Value objects in collections
testValueObjectsInArray =>
points := #[Point x: 1 y: 1, Point x: 2 y: 2, Point x: 3 y: 3]
xs := points collect: [:p | p x]
self assert: xs equals: #[1, 2, 3]
testSelectOnValueObjects =>
points := #[Point x: 1 y: 1, Point x: 2 y: 2, Point x: 3 y: 3]
big := points select: [:p | p x > 1]
self assert: big size equals: 2
testInjectOnValueObjects =>
points := #[Point x: 1 y: 0, Point x: 2 y: 0, Point x: 3 y: 0]
sumX := points inject: 0 into: [:acc :p | acc + p x]
self assert: sumX equals: 6
Reflection
testFieldAccess =>
p := Point x: 3 y: 4
self assert: (p fieldAt: #x) equals: 3
self assert: (p fieldAt: #y) equals: 4
testClass =>
p := Point x: 3 y: 4
self assert: p class equals: Point
testSuperclass =>
self assert: Point superclass equals: Value
A more real-world example: Money
Value subclass: Money
field: amount = 0
field: currency = #USD
add: other =>
other currency =:= self.currency
ifFalse: [^self error: "Currency mismatch"]
Money amount: (self.amount + other amount) currency: self.currency
printString => "{self.amount} {self.currency}"
TestCase subclass: Ch10MoneyExample
testMoneyAddition =>
a := Money amount: 10 currency: #USD
b := Money amount: 5 currency: #USD
c := a add: b
self assert: c amount equals: 15
self assert: c currency equals: #USD
testMoneyImmutable =>
a := Money amount: 10 currency: #USD
b := Money amount: 5 currency: #USD
a add: b
self assert: a amount equals: 10 // unchanged
testMoneyPrintString =>
m := Money amount: 42 currency: #EUR
self assert: m printString equals: "42 EUR"
Exercises
1. Functional update chain. Create a Point x: 0 y: 0 and use chained
withX: and withY: to produce Point(5, 10). Verify the original point
is still Point(0, 0).
Hint
p := Point x: 0 y: 0
p2 := (p withX: 5) withY: 10
// p2 is Point(5, 10), p is still Point(0, 0)
Each with*: method returns a new Point — the original is never modified.
2. Value equality. Create two Points with the same coordinates using
different construction forms (x:y: and new:). Are they =:=?
Hint
p1 := Point x: 3 y: 4
p2 := Point new: #{#x => 3, #y => 4}
p1 =:= p2 // => true
Value objects compare by slot values, not identity.
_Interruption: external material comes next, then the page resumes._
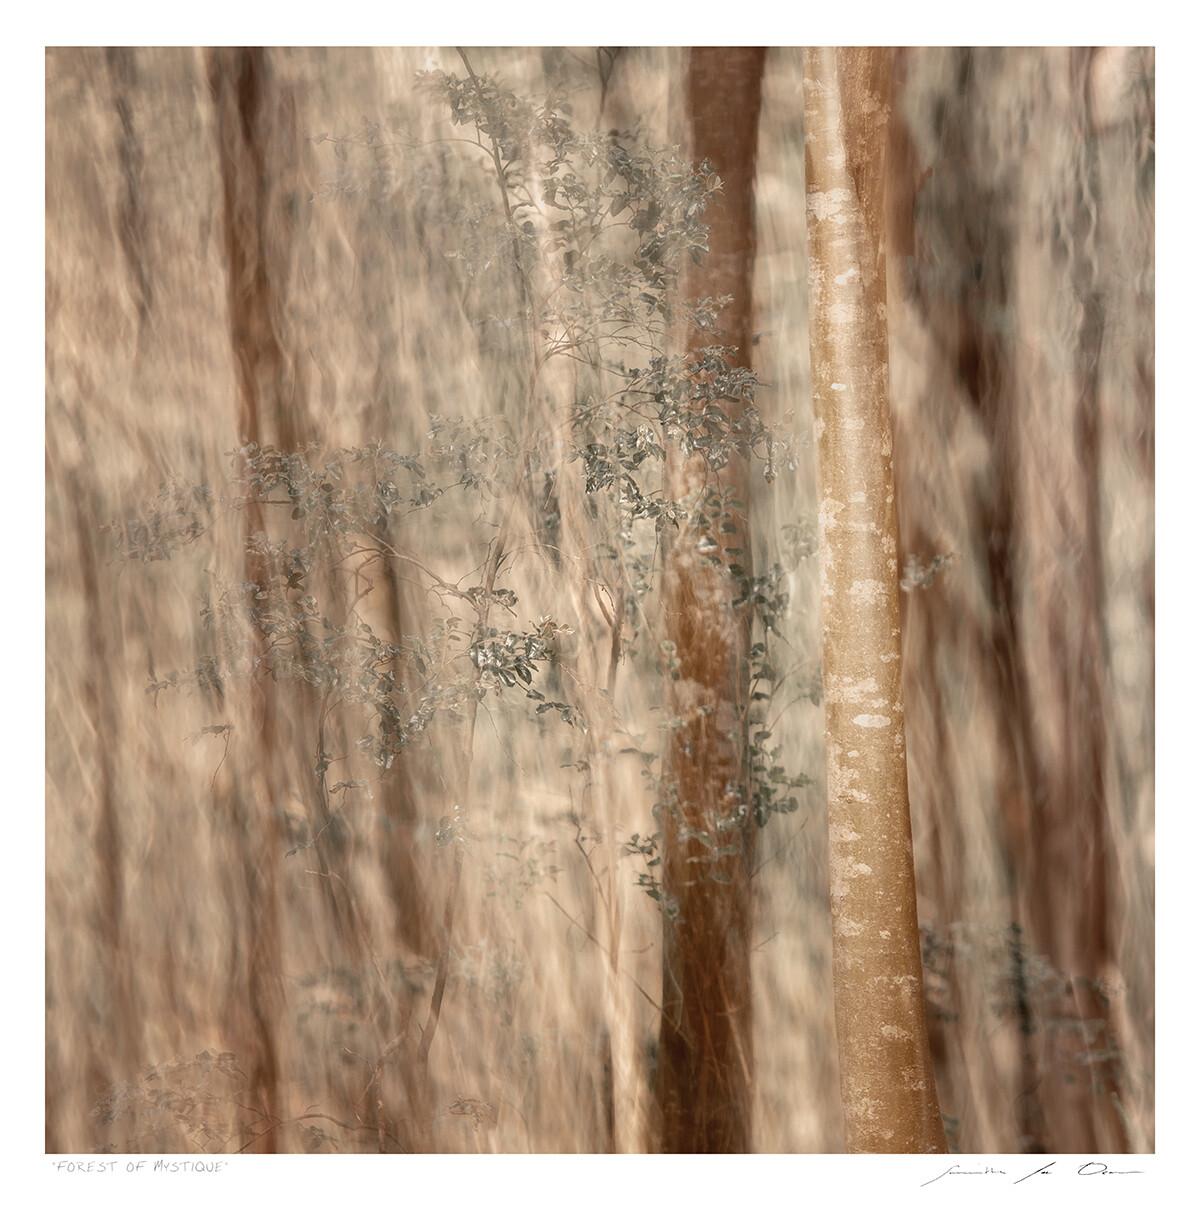 Forest of Mystique | Samantha Lee Osner

3. Currency mismatch. Create two Money values — one USD and one EUR — and
try to add them. What error do you get? How would you handle it with on:do:?
Hint
usd := Money amount: 10 currency: #USD
eur := Money amount: 5 currency: #EUR
[usd add: eur] on: Error do: [:e | e message]
// => "Currency mismatch"
The add: method checks that currencies match and raises an error if they don't.